Integrative Transcriptomics and Machine Learning Identify Macrophage-Associated Biomarkers in Hypertrophic Cardiomyopathy.
👤 作者: Zhao J, Su X, Wu J, Qin Y, Song C, Li Y, Liu C, Li R, Wang Q, Liang C
心肌病
📝 摘要
Hypertrophic cardiomyopathy (HCM) is a common genetic heart disease, with macrophages playing a critical role in its pathological remodeling. Our study aims to investigate the molecular basis of HCM by analyzing macrophage-related gene expression at the single-cell level. Utilizing published scRNA-seq datasets (GSE181764 and GSE161921), we identified macrophages as the key cell cluster most associated with HCM. Integration with bulk RNA-seq data (GSE249925) and differential expression analysis revealed three hub genes: ASPN (asporin), F13A1 (Coagulation Factor XIII A Chain), and SORBS2 (Sorbin and SH3 domain-containing protein 2). Immune infiltration analysis showed significant decreases in multiple immune cell subsets in HCM patients, including neutrophil and macrophages.

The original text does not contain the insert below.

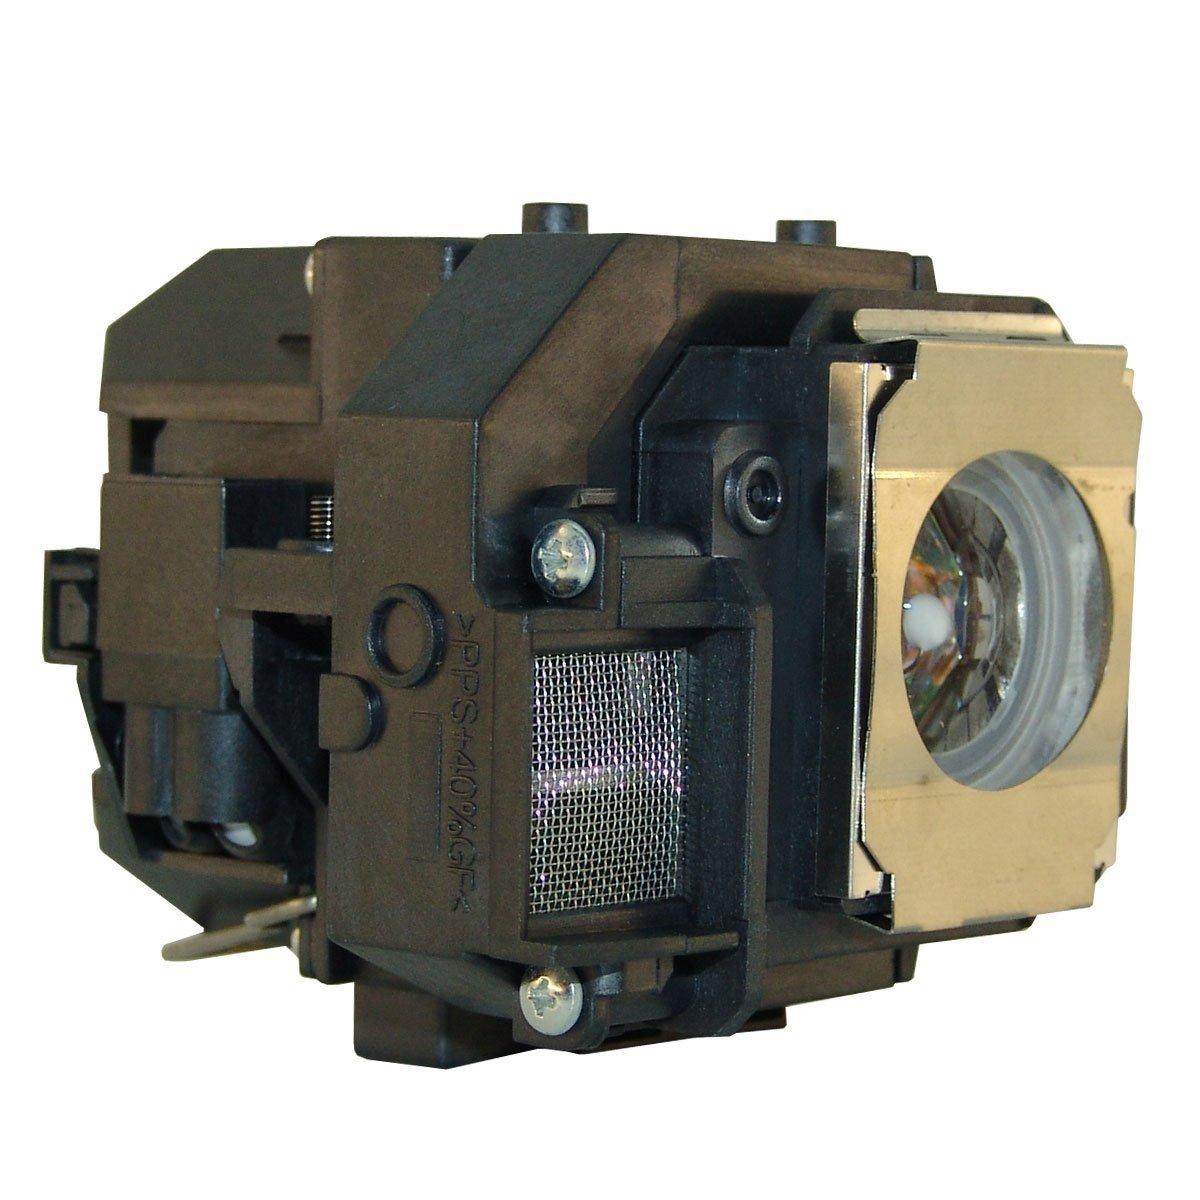 ELPLP58 V13H010L58 Lamp for Epson EX7200 EB-X10 EB-X9 EB-X92 EB-S9 EB-S92 EB-S10 EB-W9 EB-W10 Projector Bulb Lamp<br><br>Aliexpress

Intercellular communication analysis revealed an approximately 50% reduction in total interactions in HCM, accompanied by markedly weakened macrophage signaling reception and loss of regulatory pathways. Single-cell validation confirmed that F13A1 expression was predominantly restricted to macrophage clusters and significantly downregulated in HCM macrophages, demonstrating strong macrophage specificity and diagnostic potential. Furthermore, a LASSO-based diagnostic model incorporating three genes (IGFBP4, FOS, CTSC) exhibited high predictive performance, with validated accuracy in both training and external validation sets. Collectively, our findings shed light on the mechanisms underlying macrophage dysfunction in HCM and offer novel insights into the cellular and molecular dynamics.